## [INFORMATION PROVIDED]

===

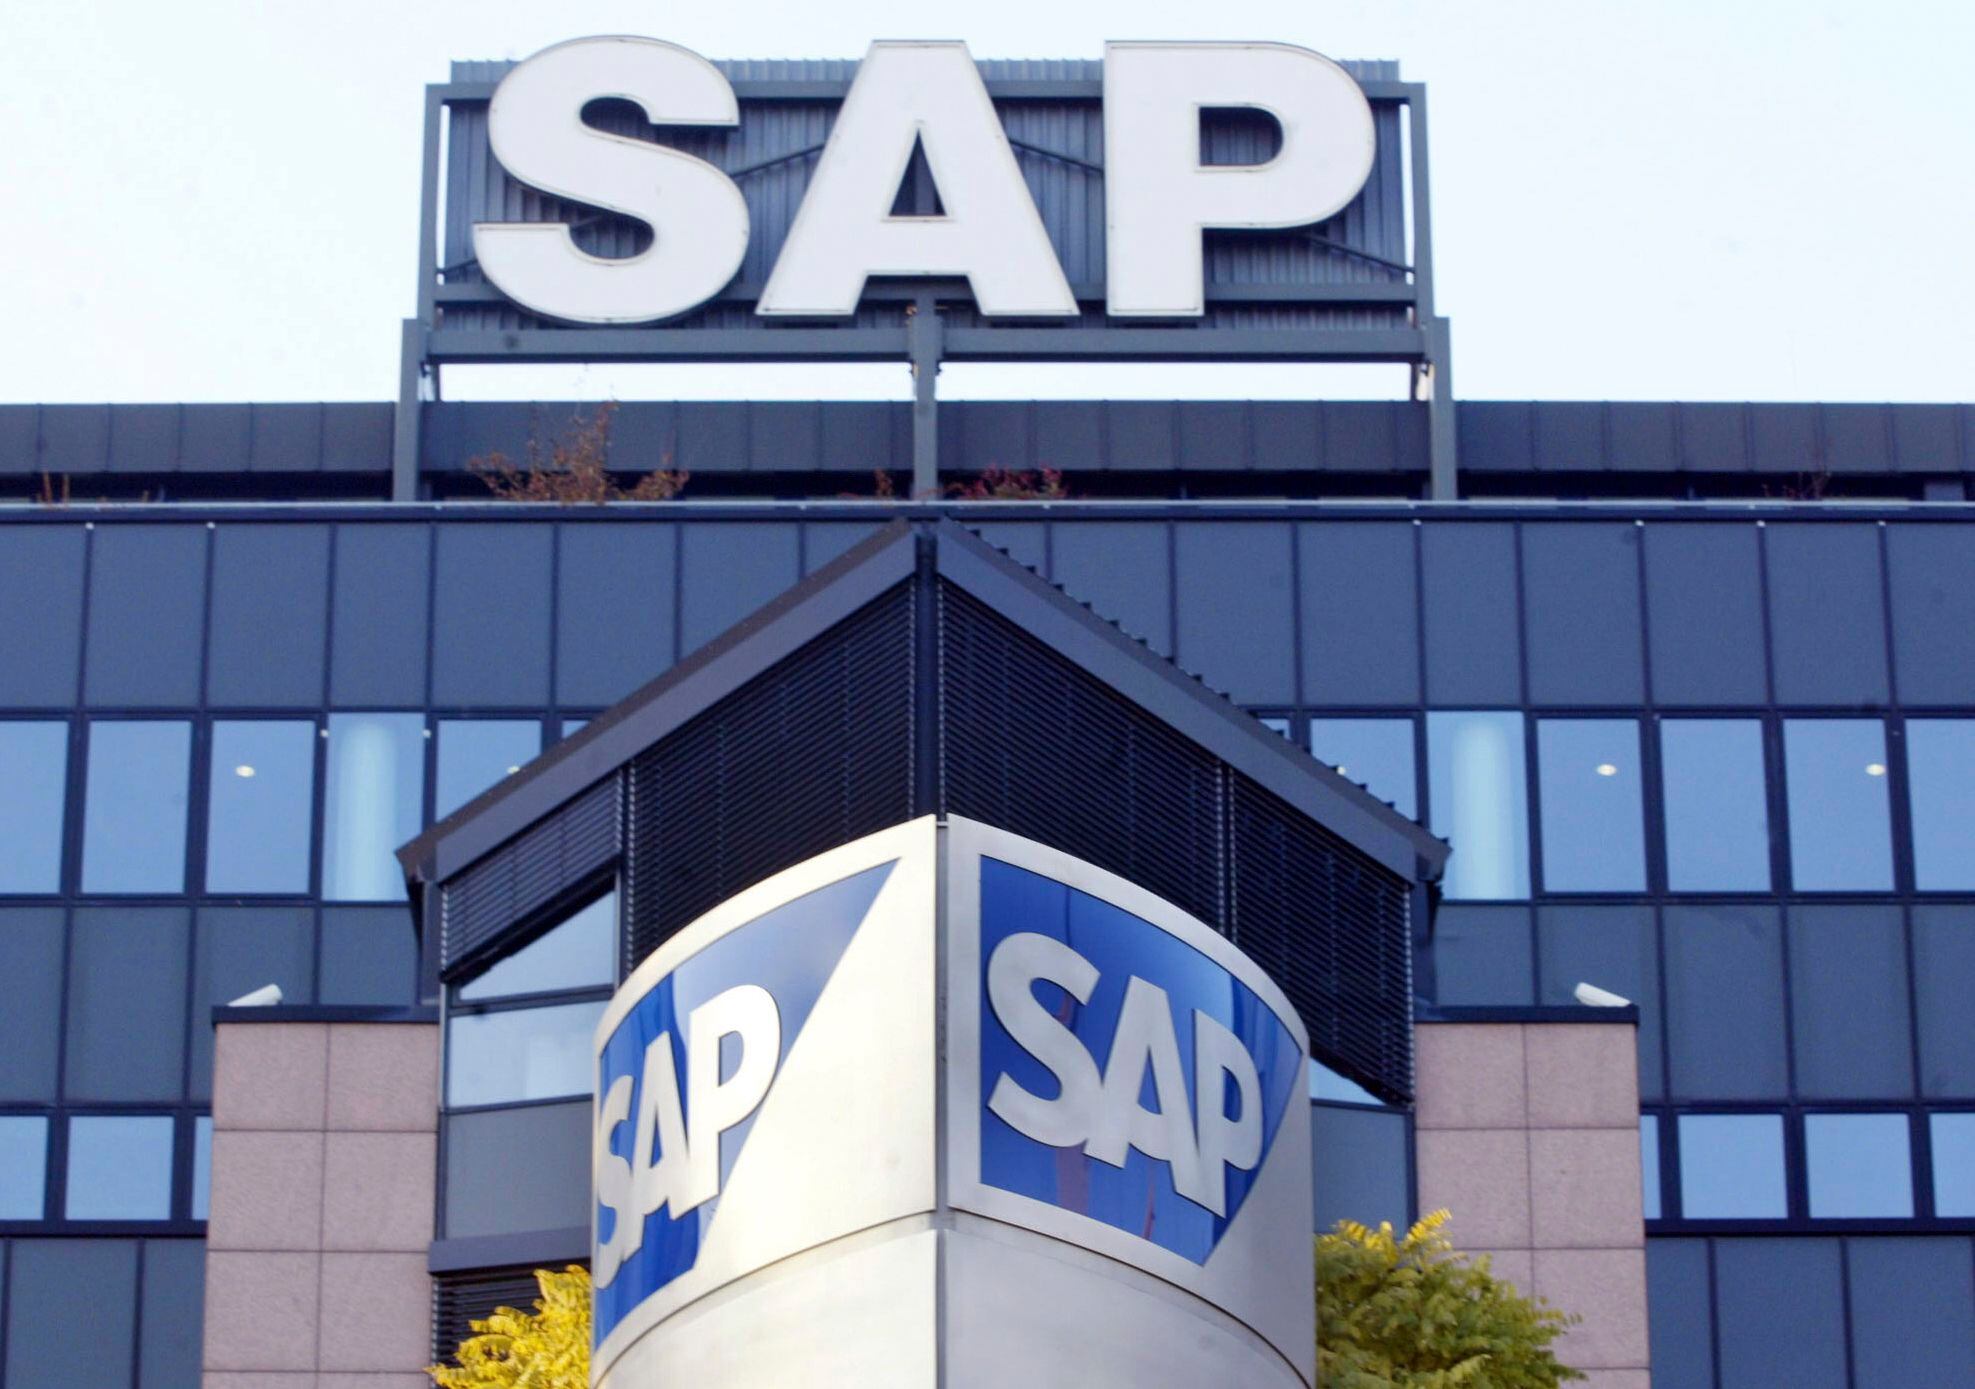 ARCHIVO - La sede de la firma alemana de software SAP en Walldorf, cerca de Heidelberg, aparece en esta imagen de archivo del 5 de noviembre de 2003. (AP Foto/Michael Probst,archivo)
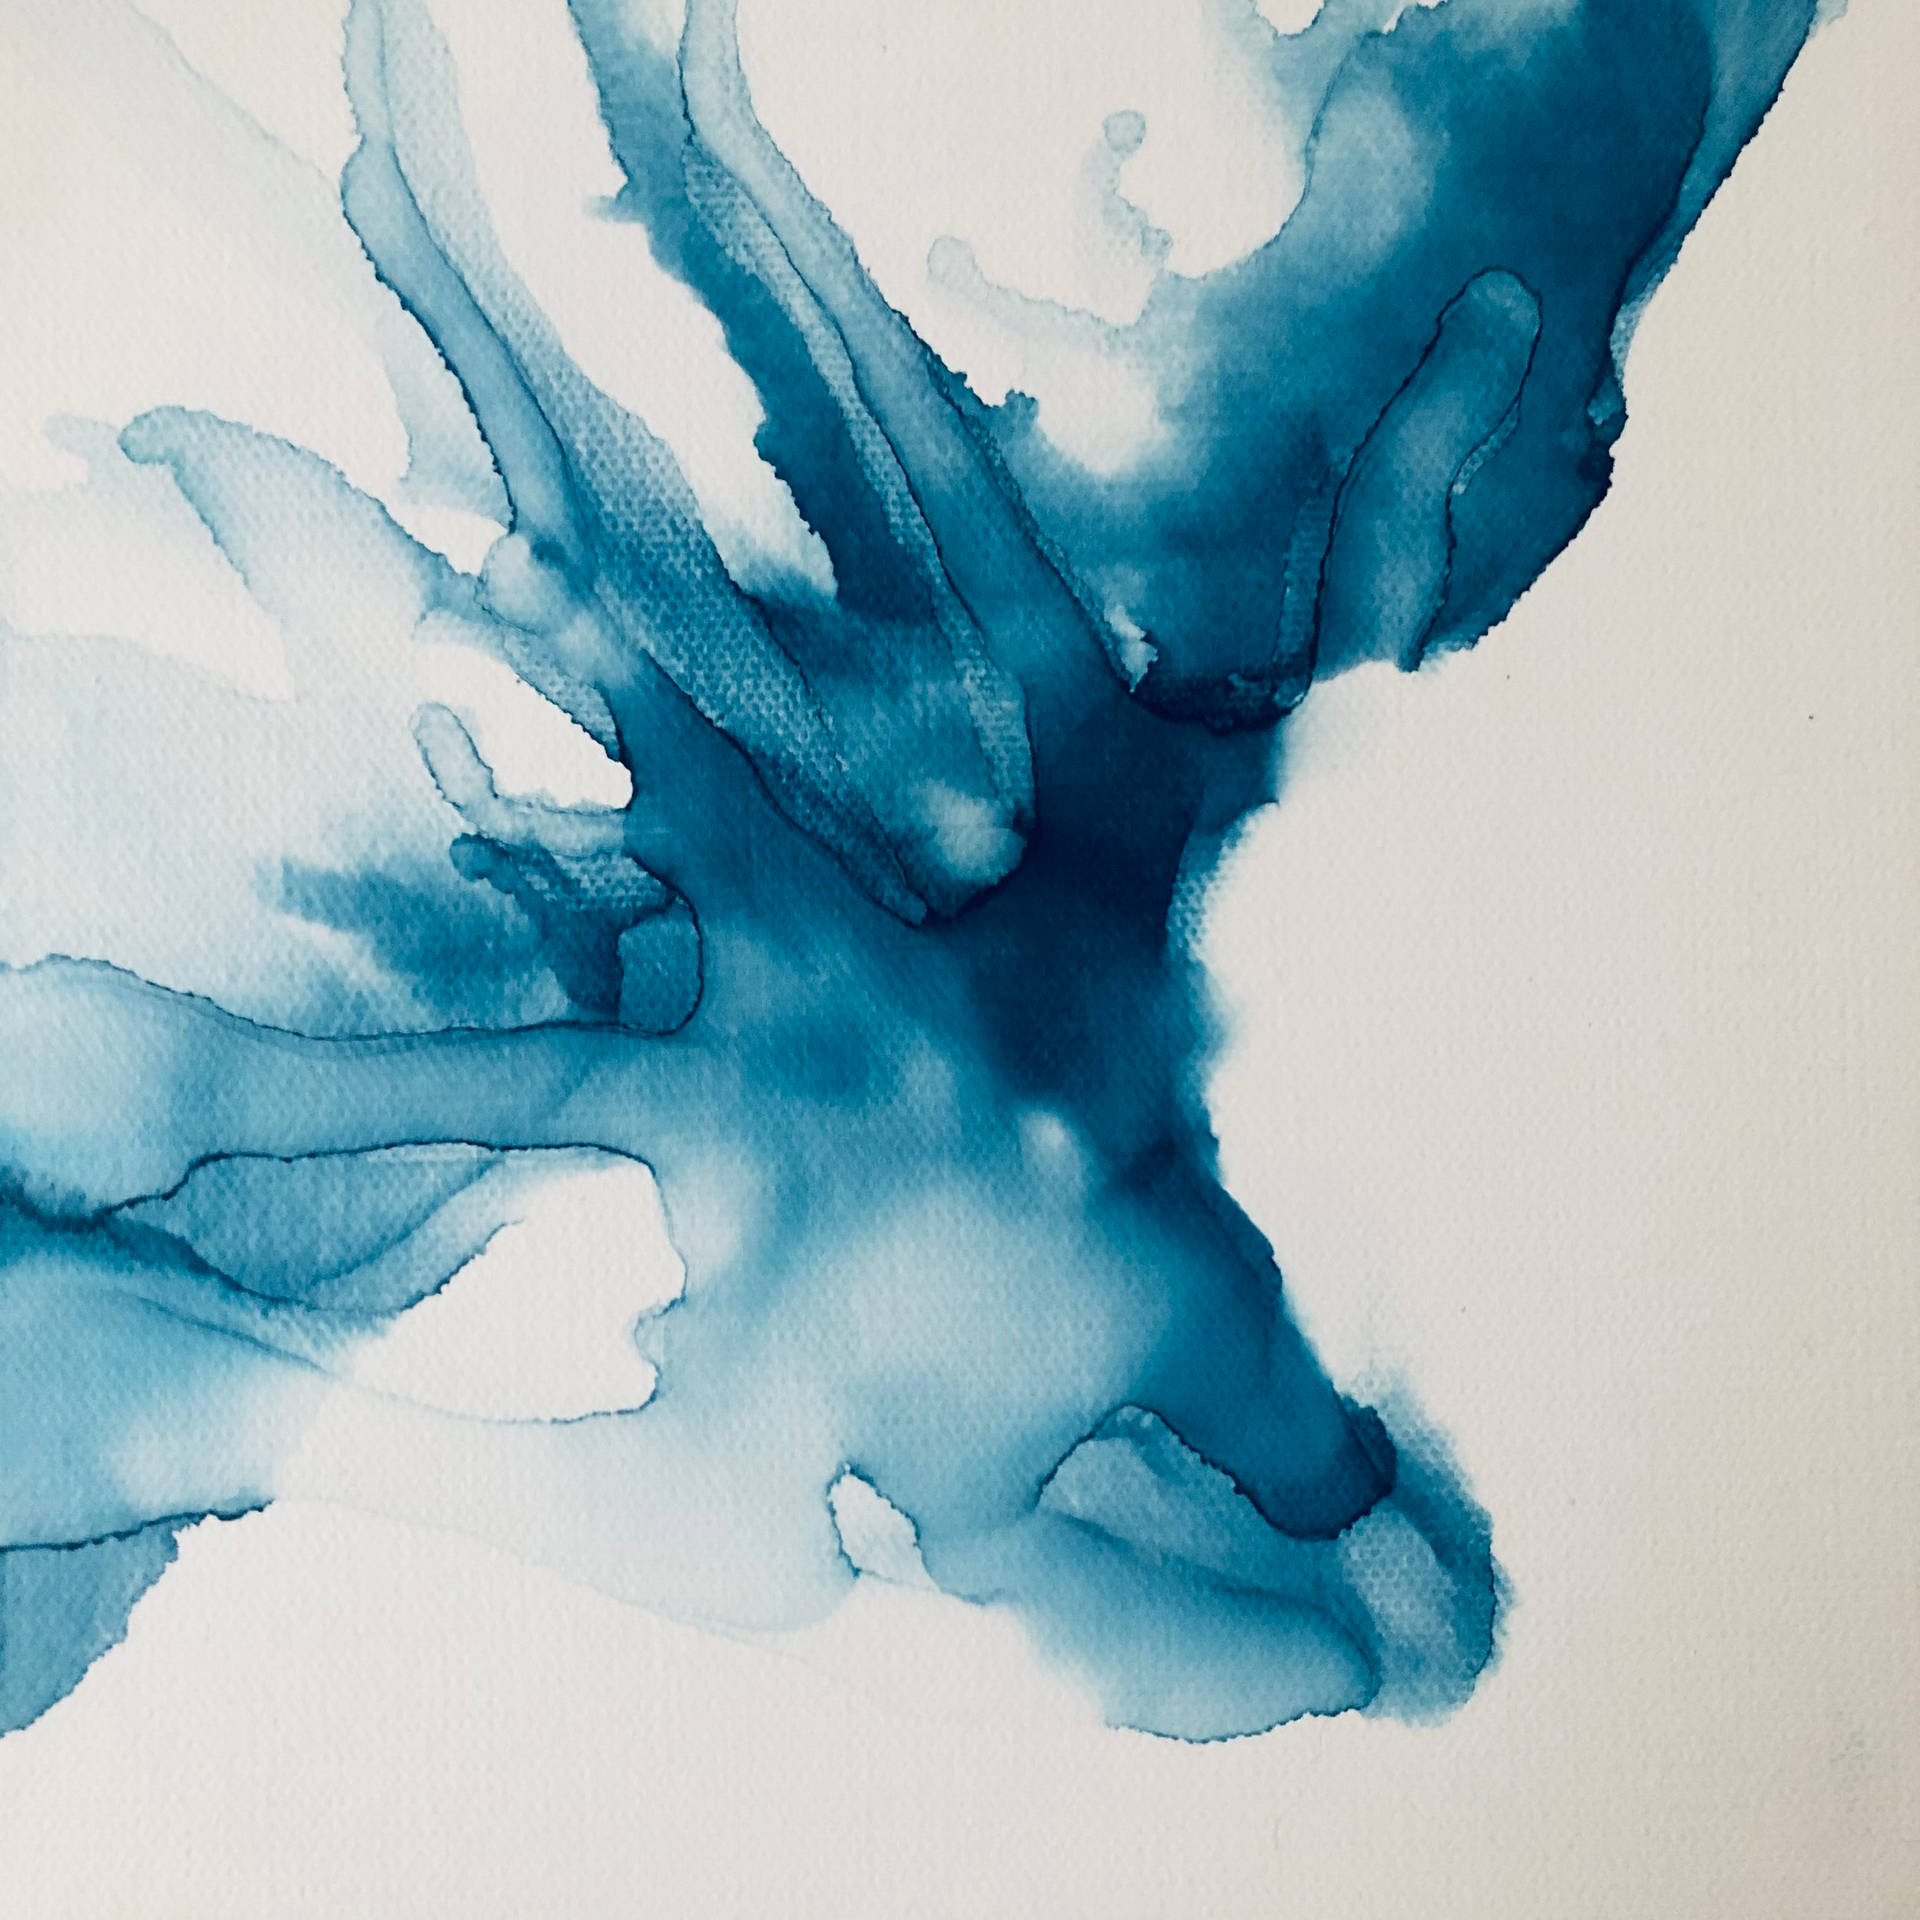 Enblå Akvarellmålning På Vitt Papper Wallpaper
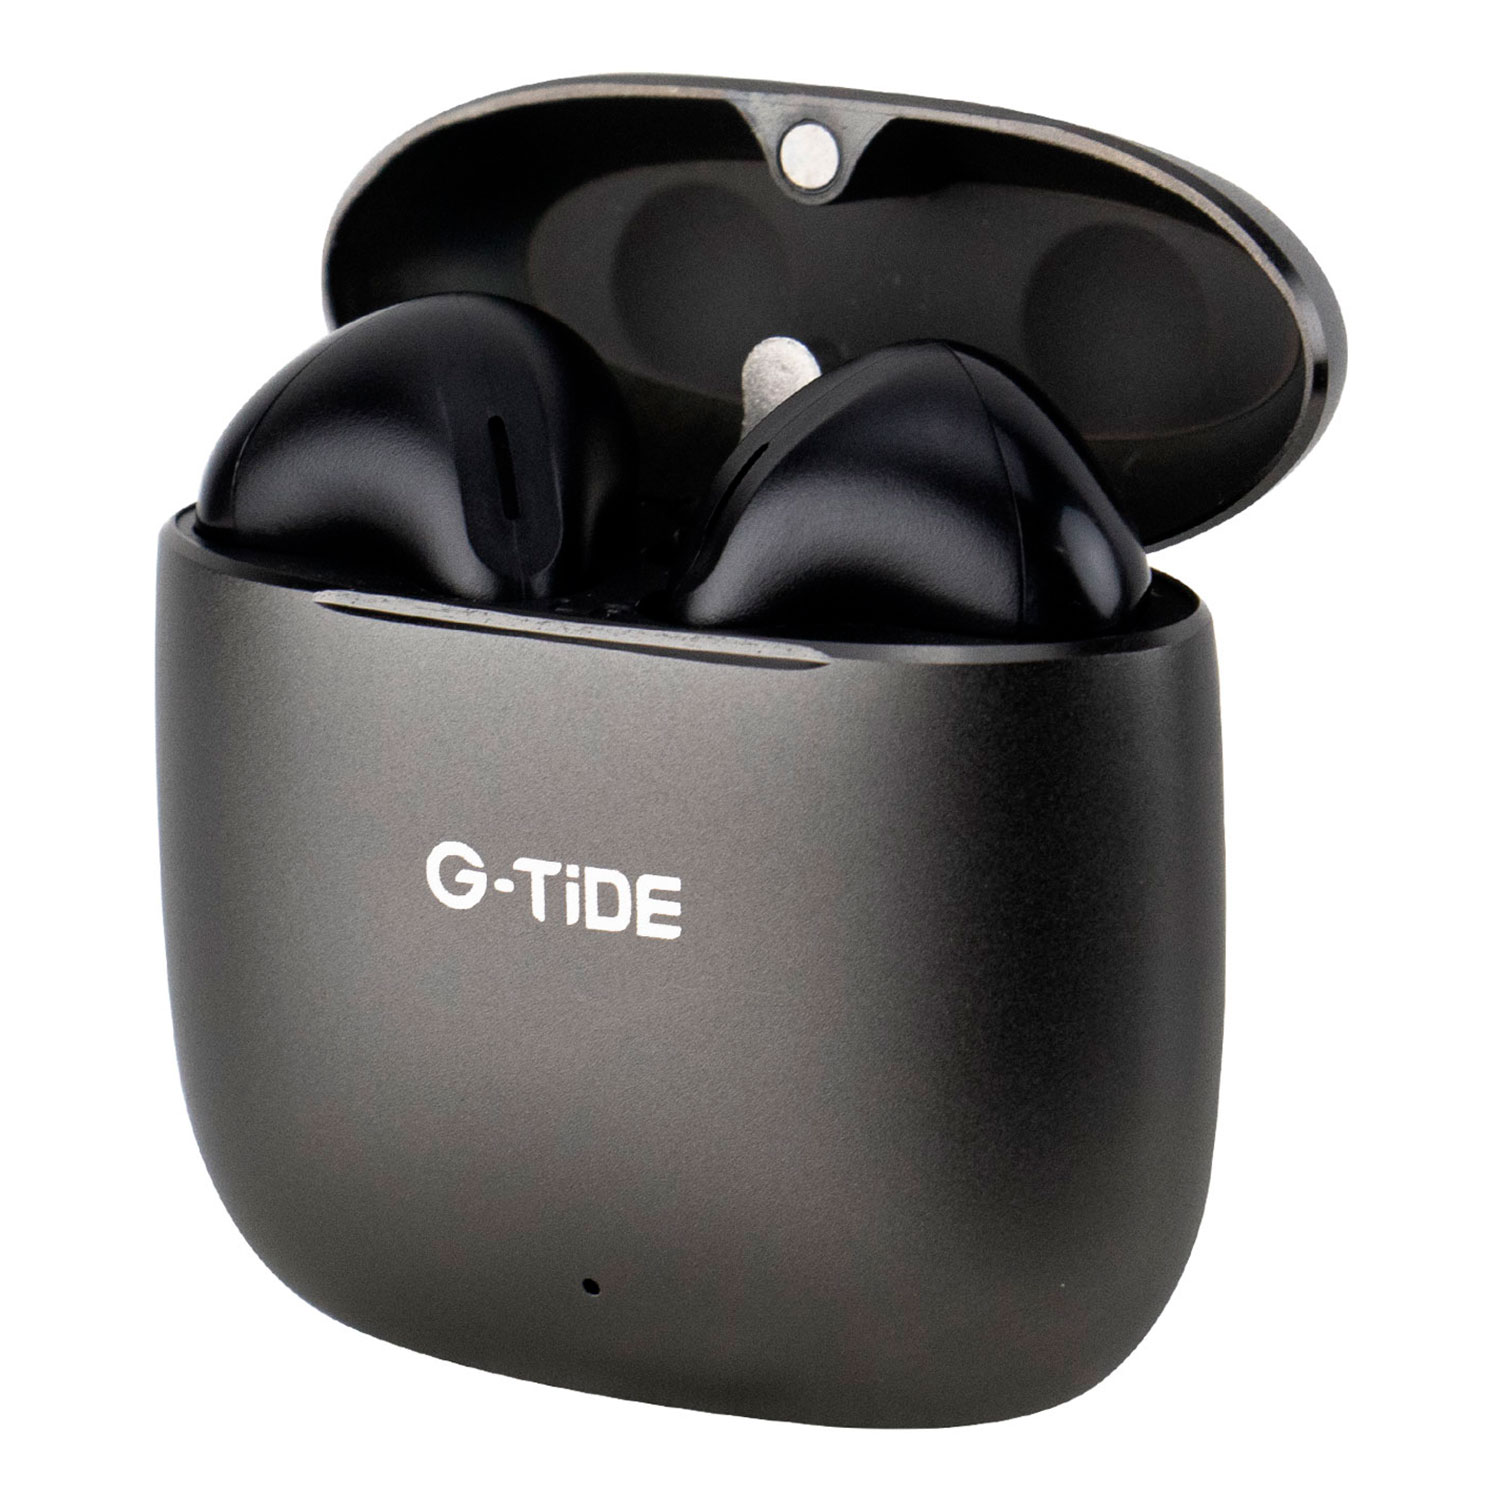 Fone de Ouvido G-Tide H11 Earphones TWS005 Wirelees Bluetooth - Preto

===

## [WHAT YOU NEED TO DO]
Copy each line above exactly, with no images.

## [TASK RESPONSE]
 ARCHIVO - La sede de la firma alemana de software SAP en Walldorf, cerca de Heidelberg, aparece en esta imagen de archivo del 5 de noviembre de 2003. (AP Foto/Michael Probst,archivo)
 Enblå Akvarellmålning På Vitt Papper Wallpaper
 Fone de Ouvido G-Tide H11 Earphones TWS005 Wirelees Bluetooth - Preto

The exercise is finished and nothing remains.